Currencies were not especially volatile; sterling showed some strengthening over the summer which had a detrimental impact on the non-sterling income received over that period, however this petered out to a large extent over September.

 

Discount and Share Repurchases

The Company's shares have traded at an average discount of just over 8% over the period, moving from 8.6% at the end of March to 7.8% at the end of September. This is slightly wider than the five-year average of 5.4%. There were no share repurchases during the period. 

 

Board changes

Following David Watson's retirement, we appointed Tim Gillbanks as Senior Independent Director. Having been appointed to the Board in January this year, and as part of our Board succession planning,

Busola Sodeinde was appointed Chairman of the Audit Committee with effect from 1 October 2023. We have now returned to a Board of directors of five and do not anticipate any further changes in the

near future. 

 

Outlook

The current interest rate rising cycle has been underway since mid-2022. Hindsight is a wonderful thing, and all market participants can agree that central banks should have started earlier with various forms of money supply tightening. However, looking ahead and given the record-breaking speed and intensity of the rate increases, the same commentators are confident that we are closing in on 'peak rate'. The narrative now is very much about whether rates remain here for the foreseeable future (our view) or whether central banks will seek to bring them back down. 

 

Given our Manager's central case, it is no surprise that we will continue to focus on those market segments still experiencing rental growth driven by supply/demand disequilibrium. The Manager's report highlights the very wide range of forecasted returns across the different property types and jurisdictions. However, generalist investors have sought actively to avoid the asset class and much has been discarded in the self-fulfilling price rout. This has given us the opportunity to select carefully not only those companies with the best underlying exposures but also those with the most robust balance sheets.

 

This positioning has been taking place since the interest rate cycle started 18 months ago. The M&A activity that has taken place is testament to this strategy. Other investors are happy to pay for assets (and debt structures) which we have identified as attractive in the current economic environment. We suspect there may well be more to come. 

 

Kate Bolsover

Chairman

22 November 2023

 

Manager's report

 

Performance

The net asset value ('NAV') total return for the six months was +3.3% and the share price total return as slightly better at +4.5% whilst the benchmark, FTSE EPRA NAREIT Developed Europe TR (in GBP), fell by -0.8%. Pan European real estate equities have travelled in a tight (12%) trading range over the six months under review with the chart resembling the path of a ping pong ball in a horizontal tube. We remain in a market dominated by macroeconomic

considerations. Quite simply, real estate pricing continues to be determined by the shape of the interest rate curve and bond market yields. Underlying real estate fundamentals are still being drowned out by the change in expectations of interest costs. This blanket approach by market participants will of course lead to opportunities for patient investors who are focused on the slightly longer term alongside the underlying demand/supply dynamics in each asset class.

 

The previous six month period (September 2022 to March 2023) had been a rollercoaster, with a +20% market rally followed by total eradication of those gains. Market sentiment had got right behind the 'peak rate' narrative which proved to be a false dawn.

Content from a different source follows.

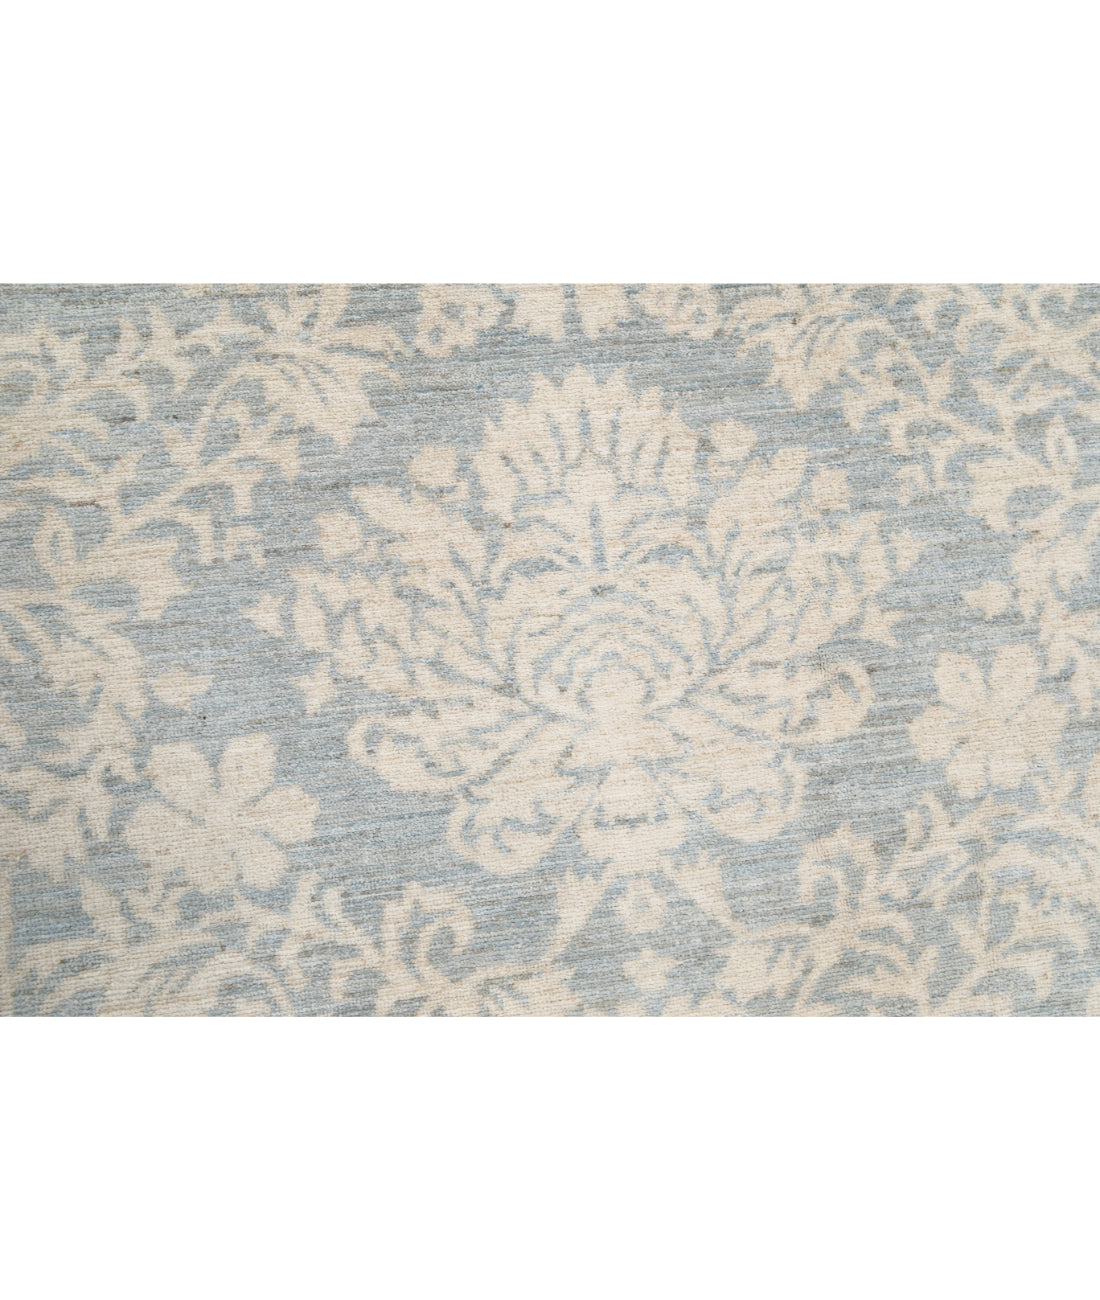 Hand Knotted Artemix Wool Rug - 10'2'' x 13'2'' 10'2'' x 13'2'' (305 X 395) / Grey / Ivory

In contrast, the last six months has been a calmer period as sentiment oscillated around the core question of how well the central banks were managing to get inflation under control. Importantly, equity investors had, by the end of March, already driven most property companies' share prices to record breaking discounts to net asset values. As the chart shows, we effectively started the new financial year close to the bottom of the six-month trading range and the index ended the period less than 1% from where it started.

 

The two clear periods of price recovery were April and July. April's gain (the Company's NAV rose 7.8%) was in part driven by the first (of three) crucial pieces of M&A activity which not only assisted our returns but contributed to a wider improvement in sentiment towards the asset class. Industrial REIT announced on 3rd April that it had received a cash offer from Blackstone at a 40% premium to the previous closing price. Importantly, this was also a 17% premium to the last published NAV. The Company was the largest shareholder (11.2% of issued capital) and we have been long-term supporters of the management team and their strategy. They had been at the forefront of bringing multilet industrial property management into the digital era. It is a textbook example of where the value-adding skills are not priced correctly by the public markets. The sale was bitter sweet, whilst the impact on the Company's valuation was welcome, the loss of a well-run business and with it the exposure to multi let industrial property will be keenly felt.

 

 

No sooner had we seen the April improvement in sentiment, May and June reversed the gains with the bear narrative building around the stubbornness of inflation and all central banks committed to further interest rate increases. The bifurcation of share price performance between those companies most sensitive to short term interest rate movements and the better placed grew even starker. The most heavily leveraged names, those with multiple refinancings in the near term were - correctly - abandoned by investors. SBB (in Sweden) fell -75% over April and May, whilst Adler, a German business with an equally indebted balance sheet fell over 48% in the same period.

 

As if we needed any more proof that performance of our asset class was dominated by macro considerations and the outlook for interest rates, July saw better than expected inflation data, i.e. evidence of slowing inflation. Our sector responded with a +9% return in the month, giving the sector bears quite a headache. To highlight the whipsawing in our space, mid-August saw a 9% fall in 10 days, followed by an 8% recovery into the end of the month. The overused expression 'rollercoaster' did feel quite apt as sentiment towards the likelihood of 'peak rate' being reached by each respective central bank ebbed and flowed.

 

However, real estate fundamentals remain remarkably robust in many of our sub-sectors and this theme is expanded on later in the report. As highlighted, M&A activity was also a crucial feature of the period. Alongside the sale of Industrial REIT to Blackstone, we saw Realty Income, a $36bn market cap US REIT, acquire all of Ediston Property's assets for cash. Ediston had switched from being a diversified investor to one focused entirely on retail warehousing. Alongside multi-let industrial and wider logistics property we are very positive about value growth in this sector, hence our exposure. We had steadily built the position and owned over 16% of the company at the date of the announcement. This is a classic example of European public market under valuation, with a more highly rated US REIT able to take advantage. The case of CT Property Trust ('CTPT', £200m market cap) was a little different with LondonMetric using its more highly rated paper to acquire CTPT. We owned 10% of CTPT and have been a longstanding investor in LondonMetric so we were happy to support the deal which also saw a 25% gain in the CTPT share price on the announcement.

 

Reviewing our performance attribution, it is no surprise that our exposure to these cases of M&A were all key contributors to performance. Outside of these areas our overweight to European shopping centres and our underweights to European healthcare and Sweden were also important. I would also highlight our largest pair trade which was to own Landsec but not British Land. The gulf in performance between the two names has never been starker with the difference over six months (in total return terms) of -13.8% (-1.6% versus -15.4%). The major differentiation between these two large diversified UK only businesses was their attitude to debt with Landsec working hard to reduce leverage through selling long income, mature, low yielding assets particularly London offices.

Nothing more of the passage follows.